This proposal provides an underlying enumeration type, specified after a colon of the _identifier_ for the enumeration name, to give the enumeration a dependable type. It makes the types for each of the enumeration constants the same as the specified underlying type, while leaving the current enumerations as unspecified as they were in their old iterations. It does not attempt to solve problems outside the scope of making sure that constants with specified underlying type are dependable, and attempts to make forward declaration of enumerations work across implementations.

3. Prior Art

C++ has this as a feature for their enumerations. Certain C compilers have this as an extension in their C compilation modes specifically, including Clang.

4. Design

The design of this feature follows C++'s syntax for both compatibility reasons and because the design is genuinely simple and useful:

enum a : unsigned long long {
	a0 = 0xFFFFFFFFFFFFFFFFULL
	// ^ not a constraint violation with a 64-bit unsigned long long
};

Furthermore, the type of a0 is specified to be unsigned long long, such that this program:

enum a : unsigned long long {
	a0 = 0xFFFFFFFFFFFFFFFFULL
};

int main () {
	return _Generic(a0, unsigned long long: 0, default: 1);
}

exits with a return value of 0. Note that because this change is entirely opt-in, no previous code is impacted and code that was originally a syntax violation will become well-formed with the same semantics as they had from their C++ counterparts. The interesting component of this proposal - that is currently marked optional - addresses a separate issue found in the current enumeration specification.

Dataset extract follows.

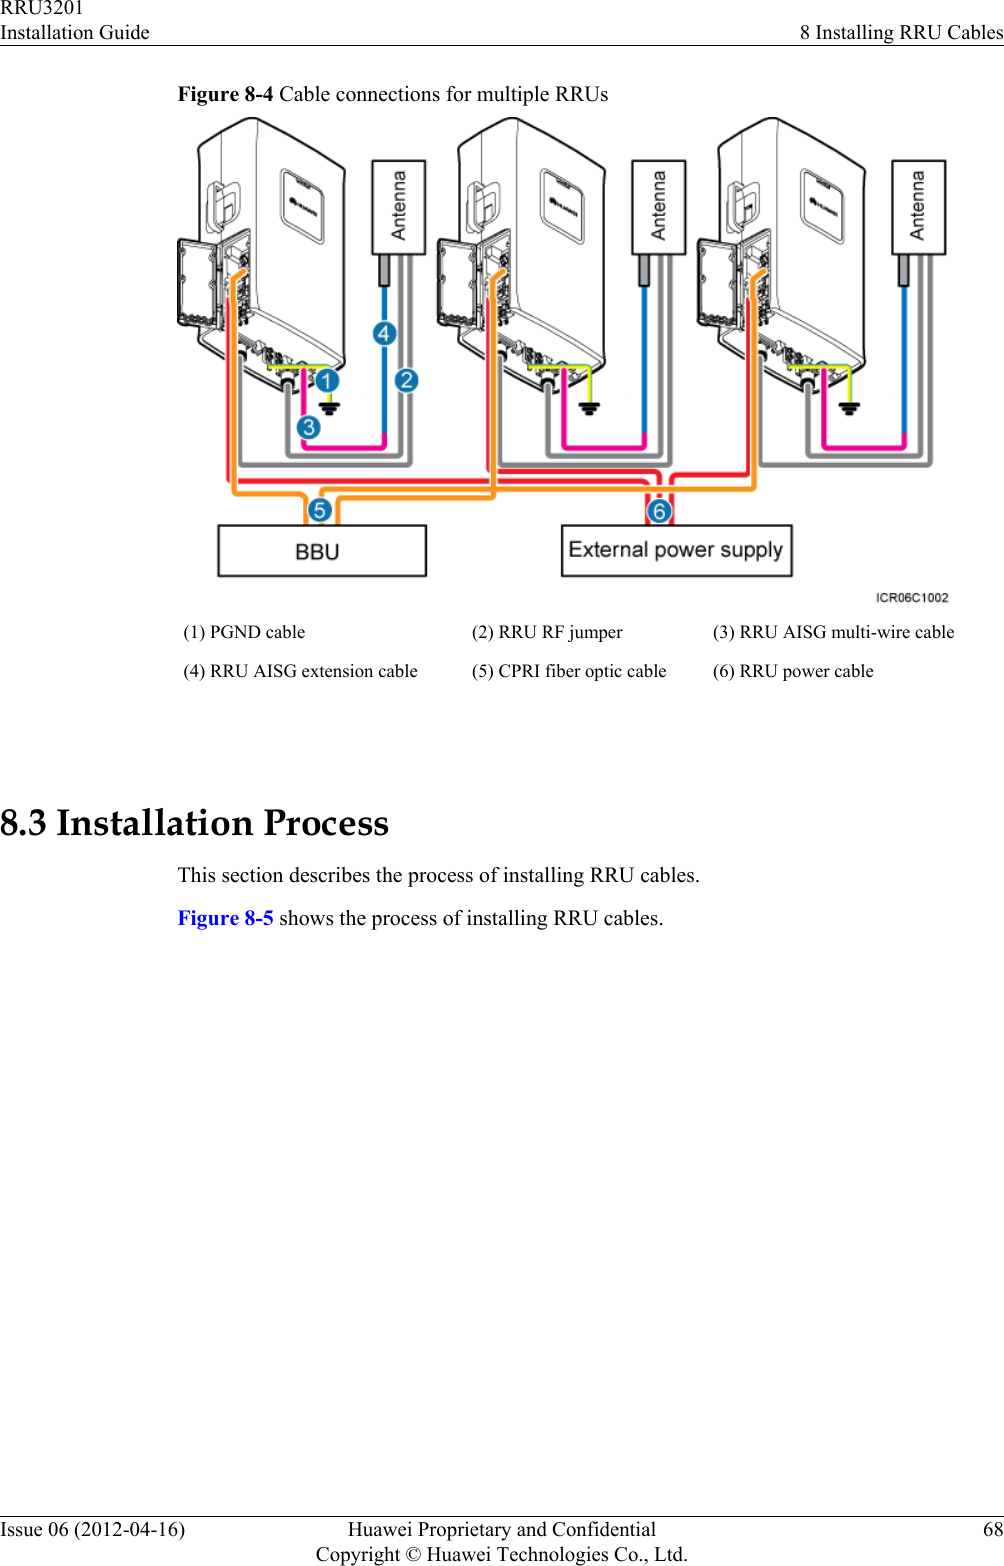 Figure 8-4 Cable connections for multiple RRUs(1) PGND cable (2) RRU RF jumper (3) RRU AISG multi-wire cable(4) RRU AISG extension cable (5) CPRI fiber optic cable (6) RRU power cable 8.3 Installation ProcessThis section describes the process of installing RRU cables.Figure 8-5 shows the process of installing RRU cables.RRU3201Installation Guide 8 Installing RRU CablesIssue 06 (2012-04-16) Huawei Proprietary and ConfidentialCopyright © Huawei Technologies Co., Ltd.68

4.1. Unsigned, Wraparound, and Overflow Semantics

Consider the code sample:

enum flags : unsigned int {
	a = 0x01,
	// …
	o = 0x8000,
	p = 0x10000,
	// …
	low_16_merged_flags = 0xFFFF,
	alternative_p // implicit 0xFFFF + 1
}

This code is (intentionally) a footgun. For starters, int and unsigned int need not be 32 bits wide: their lowest requirement is 16 bits. This means that the p flag is not within the representable range of an unsigned int. There is also the problem of the enumeration constant that comes after the low_16_merged_flags enumeration constant, the alternative_p. This one is, implicitly, the same as p because of the 0xFFFF + 1 would yield 0x10000. This, too, is outside the range of a 16-bit unsigned integer type in C.

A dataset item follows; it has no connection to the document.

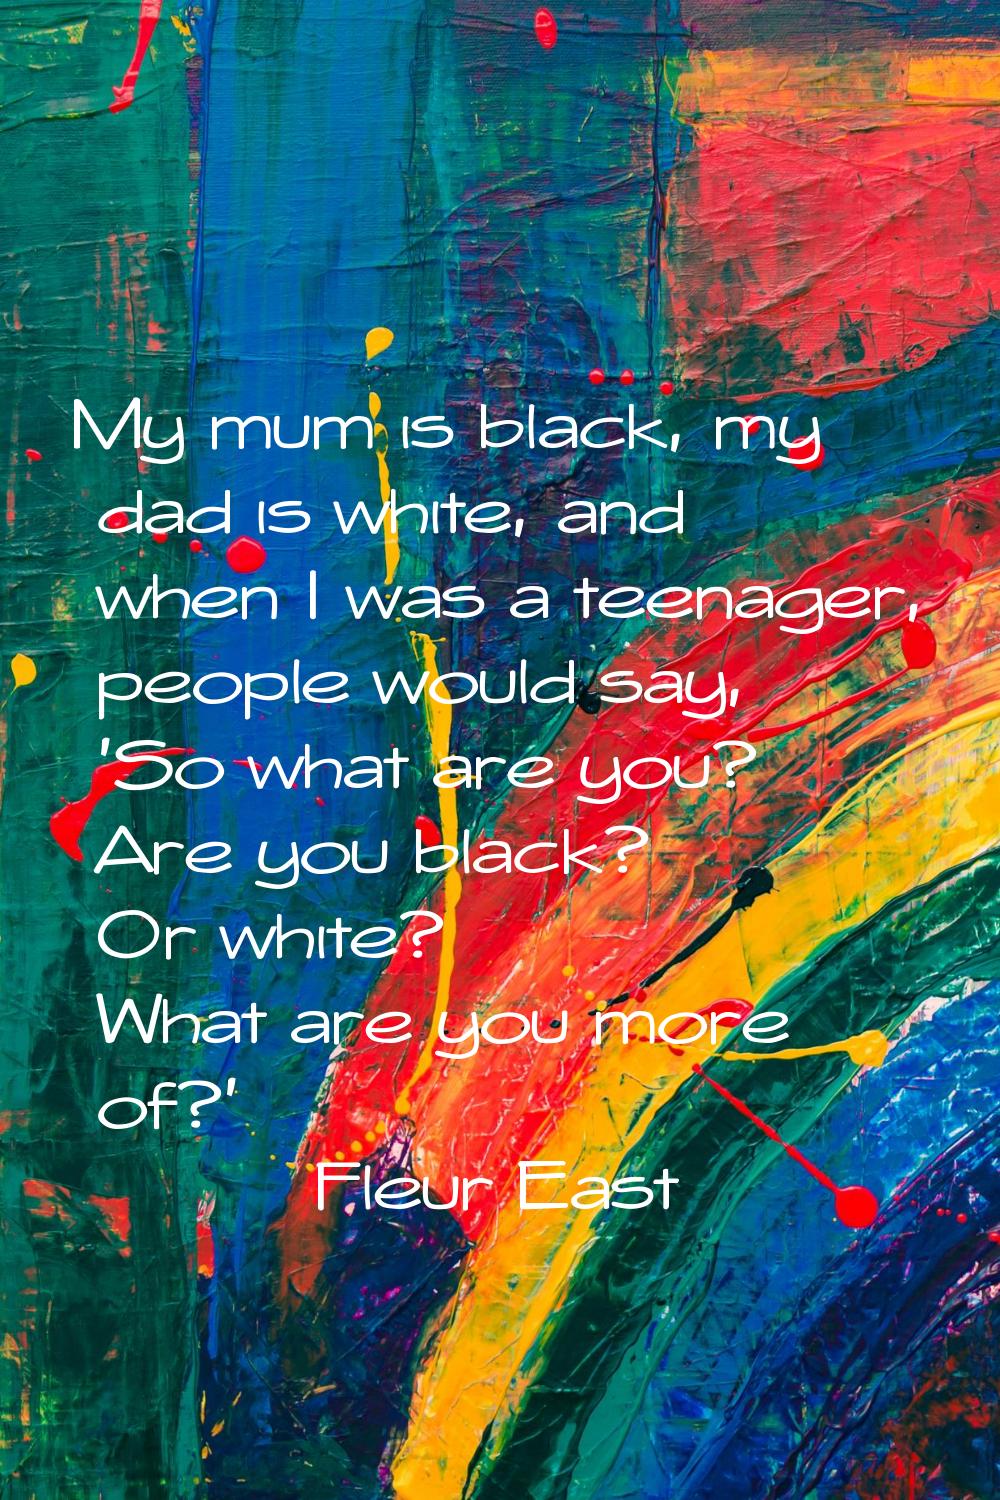 My mum is black, my dad is white, and when I was a teenager, people would say, 'So what are you? Ar

There are 2 ways to resolve this tension.

The first is to allow this code to compile, and perform silent wraparound on p and alternative_p. This means that, regardless of the user intent, the specified value (p) and implicit value (alternative_p) would both take on a value of 0x1, same as the a flag. If this code was meant to be ported between platforms, this code compiles silently but has the wrong expected behavior when run. Tests, fuzzing, and other mechanisms may catch the problem and remind the user to appropriate a better named underlying type, or check the flag values more carefully.

The second way to solve this is to make the above a constraint violation. That means both p and alternative_p, when ported to a platform where unsigned int is 16 bits wide, will loudly complain that the value is inappropriate. This would prevent compilation on platforms, rather than require testing, fuzzing, and other techniques to handle the range of values.

This proposal goes with the second way. It is a far better user experience to prevent compilation where possible: silent wraparound is a property of the machine and done for performance and hardware reasons. For interpreted implementations, the translation step still has to take care of the expression because it is considered a constant expression. Enumeration initialization should be robust C code to remain robust and without error over the long term.

Users who would like to avoid such errors will be reminded to select from the wide variety of battle-tested integer types in <stdint.h>, provided for their convenience, when such cases arise in C23 and beyond:

#include <limits.h>

enum flags : uint_least32_t { // 👍!
	a = 0x01,
	// …
	o = 0x8000,
	p = 0x100000, // works fine
	p = 0x100000u, // works fine
	// …
	low_16_merged_flags = 0xFFFF,
	alternative_p // implicit 0xFFFF + 1,
	              // works fine for 32-bit
}

It is better to provide an error that prevents non-portable code from exhibiting non-portable behavior, while portable code compiles, works, and runs across all platforms as expected. Finally, users who want the wraparound behavior can perform a manual cast to get what they want:

enum flags : unsigned int {
	a = 0x01,
	// …
	o = 0x8000,
	p = (unsigned int)0x100000, // cast: wraparound explicit
	p = 0x100000u, // literal suffix: explicit (any errors handled by literal)
	// …
	low_16_merged_flags = 0xFFFF,
	alternative_p // implicit 0xFFFF + 1, constraint violation
}

This is also consistent with existing practice around the subject (Clang x86-64 trunk).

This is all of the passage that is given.